While waiting to be sworn into his post in the traditional inauguration ceremony next January 20, the tycoon has begun configuring his cabinet with an abundance of generals, millionaires and controversial appointments such as that of his chief strategist, far rightist Stephen Bannon, accused of racism and misogyny. Oil magnate Rex Tillerson will be the next head of US diplomacy if ratified by the Senate, in a process that is expected to be very complex due to the international business ties of the chosen Secretary of State, especially with Russia. Tillerson, who has worked for the Exxon Mobil Company since 1975 and led it since 2006, has known Russian president Vladimir Putin since the days of President Boris Yeltsin (1991-1999) and has even been decorated by the Russian government.
The accords with Cuba and immigration reform
Obama leaves the White House with a relatively large level of popularity, hovering around 50%, something that is considered “very unusual” for the end of a second term. However, there is no certainty regarding the luck that two of his successes in exterior policies will run: the nuclear pact with Iran and the reestablishment of relations with Cuba. Regarding Cuba, the tycoon has been more explicit. Following the death of former President Fidel Castro, he threatened to put an end to the rapprochement if the Government now headed by Raul Castro isn’t ready to seal “a better accord”.

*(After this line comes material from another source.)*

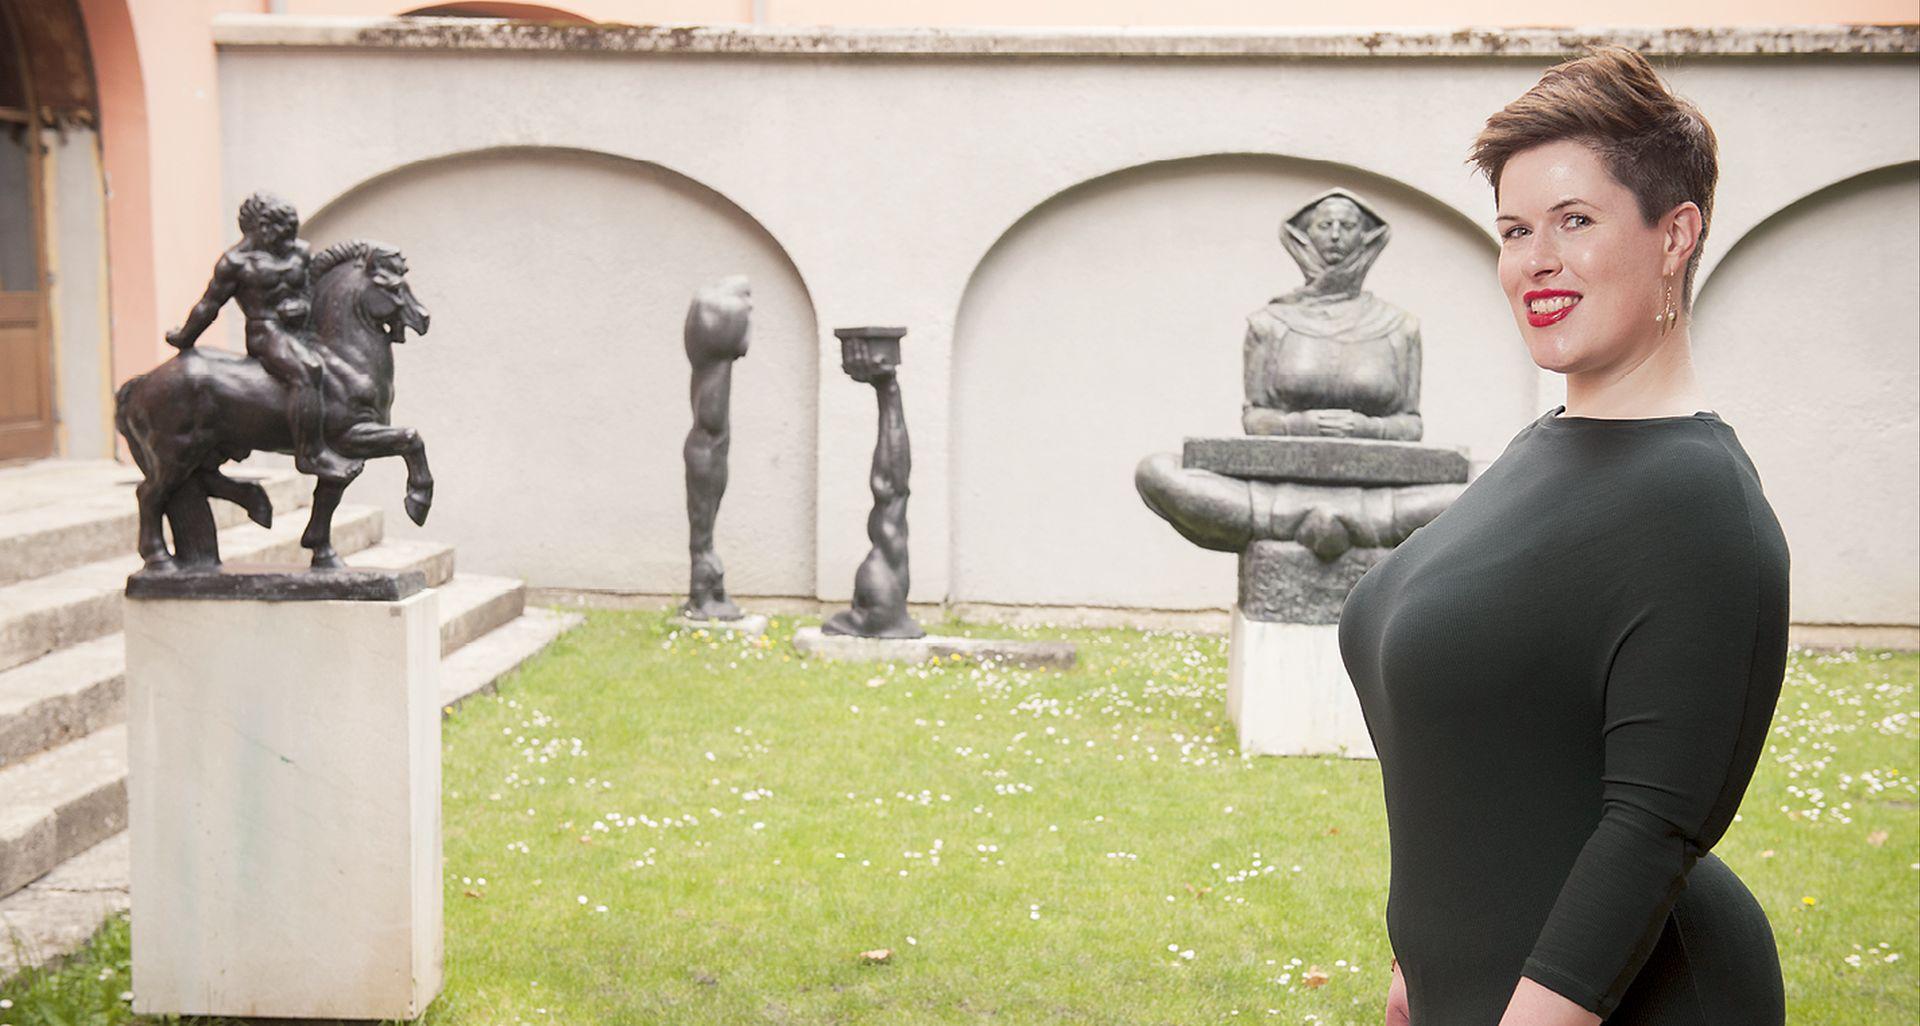 Zagrebačke majstorije 'čuda od kipara'

Obama failed to advance several of his priorities, such as immigration reform or greater control over firearms. With the path to immigration reform closed in Congress, at the end of 2014 Obama decreed measures to put the brakes on the deportation of nearly five million undocumented immigrants, decrees that were blocked shortly afterwards at the petition of 26 states. Now the problem of immigration is in Trump’s hands.
Brexit in Great Britain and peace in Colombia
A negative response to immigration and to the consequences of economic globalization led the British to vote in 2016 in favor of leaving the European Union. This watershed in the history of the United Kingdom has plunged the country into uncertainty. David Cameron, who convoked the national consultation convinced that the “Yes” vote on continuing within the European Union would win easily, resigned as Prime Minister. His successor, Theresa May, was previously in charge of immigration policy as head of the Interior ministry.

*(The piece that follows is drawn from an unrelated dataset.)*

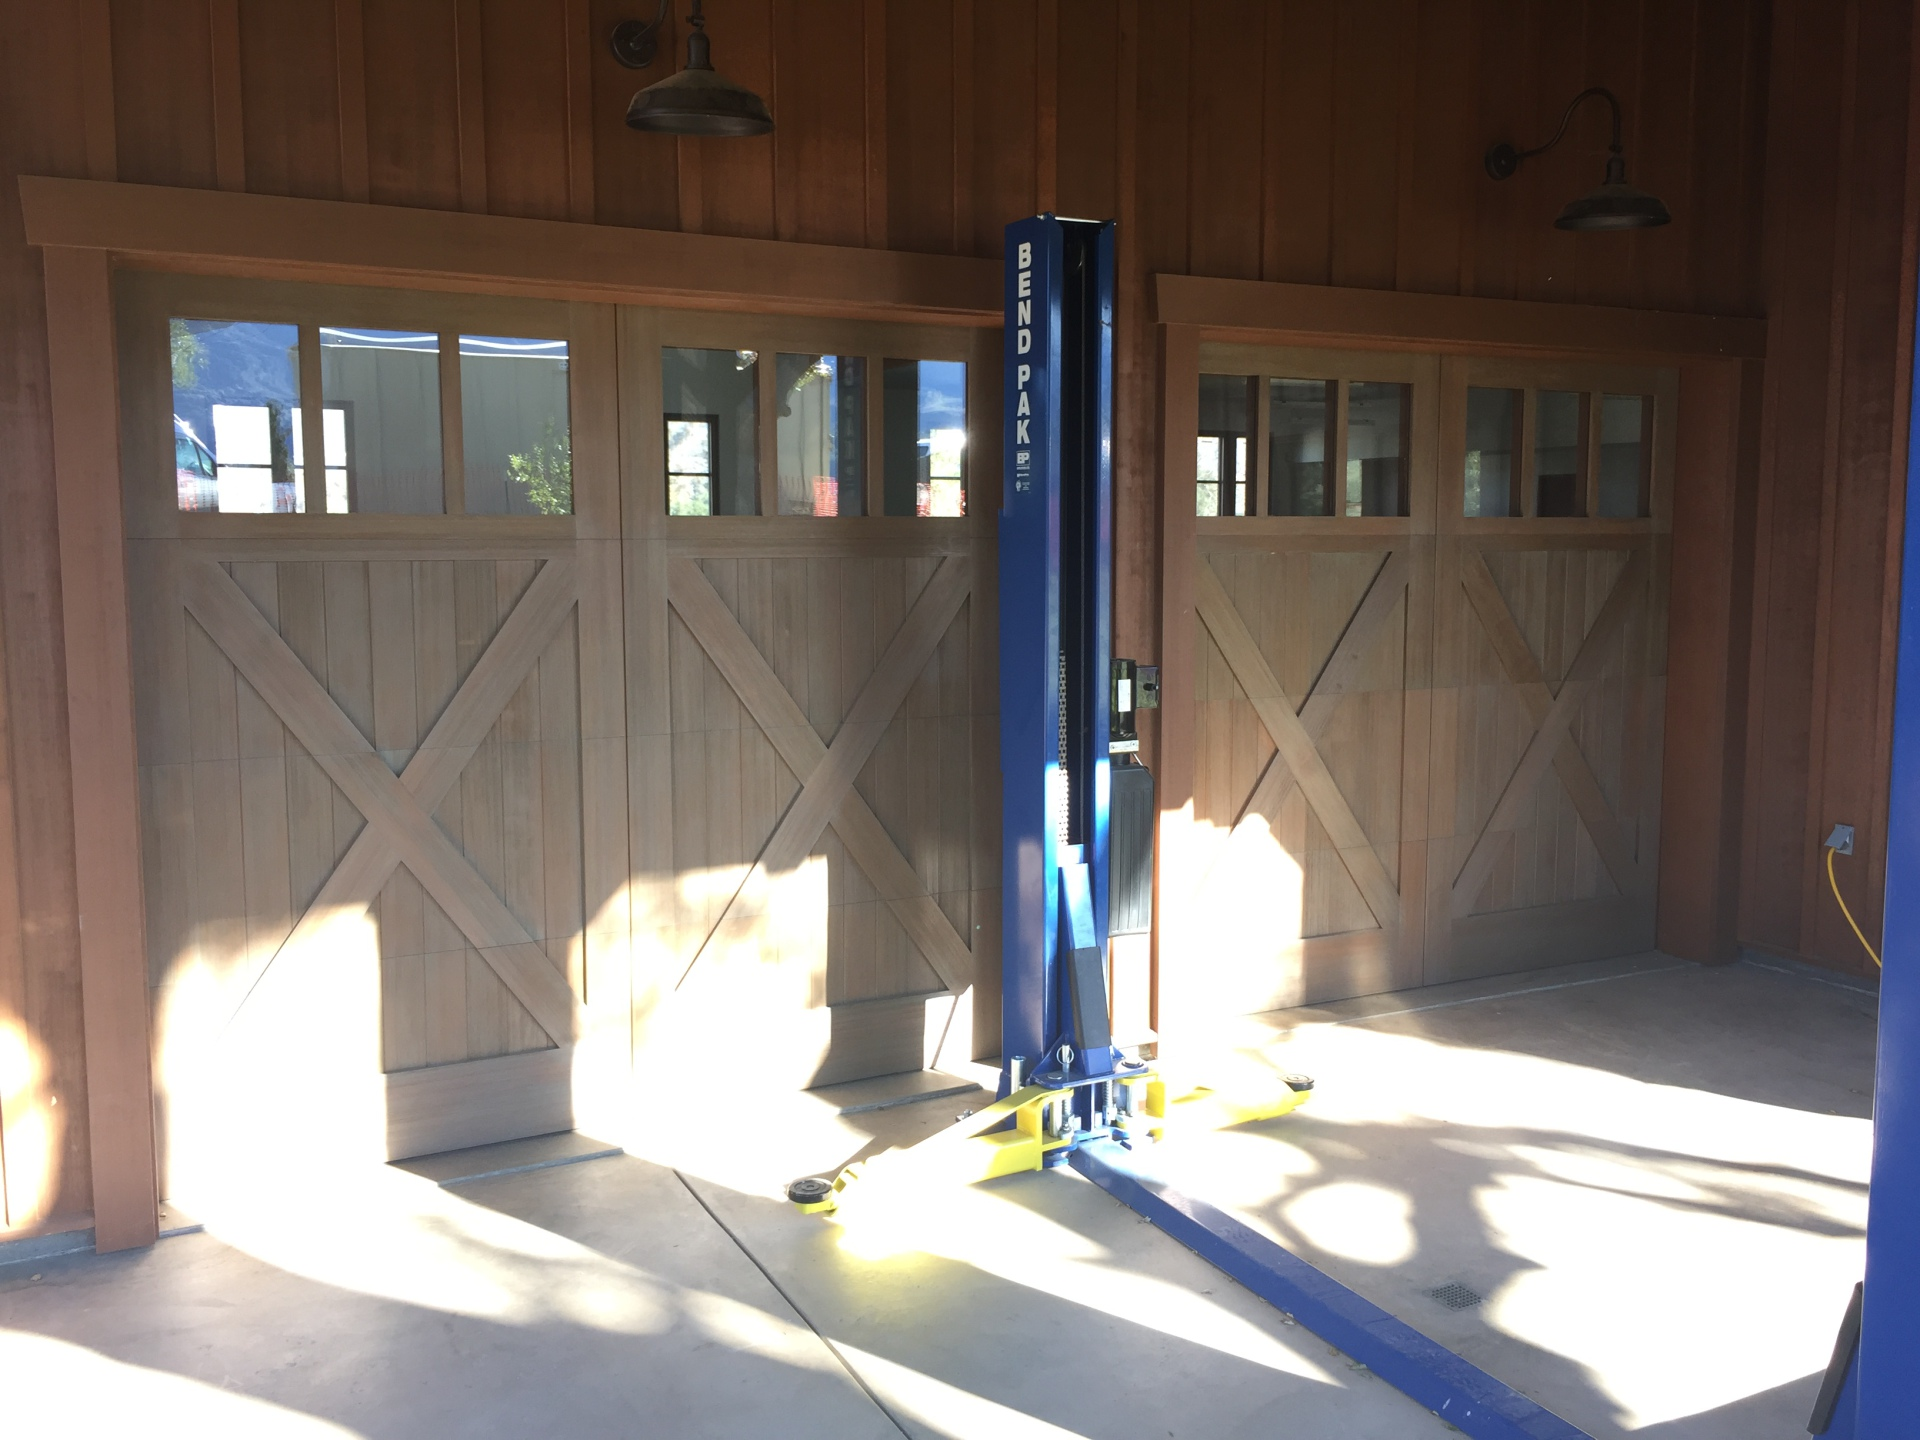 Carriage House Doors custom wood doors with custom track

The year 2016 was also definitive as the year of peace for Colombia, which succeeded in signing a government accord with the former guerrilla group FARC, ending 52 years of internal armed conflict. They also came closer to a negotiation with another former guerrilla group, the ELN. These efforts earned President Juan Manuel Santos a Nobel Prize. However, Colombians rejected the accord in a plebiscite, voting for the “No” option by a scarce margin of less than half a percentage point, some 54,000 votes. The movement for a “No” vote was led by former President Álvaro Uribe. With an improved accord, Santos and FARC leader Rodrigo Londoño, also known as “Timochenko” returned to sign once more, this time without ceremony or international guests on November 24 in the Colón Theater in Bogotá.
The destitution of Dilma Rousseff
Smothered by corruption and economic crisis, Brazil lived through a year of political convulsion that remained unresolved by the destitution of Dilma Rousseff. That convulsion now threatens to engulf the new government led by conservative Michel Temer, surrounded by scandals. The recession and the denunciations of corruption that sped up the fall of the Workers’ Party (PT) after 13 years in power have only been accentuated in the last months. A large portion of Brazilians don’t trust Temer, according to the latest polls. These surveys reveal that over 60% of voters would support early elections, a majority similar to that reflected in the polls previous to the fall of the former president.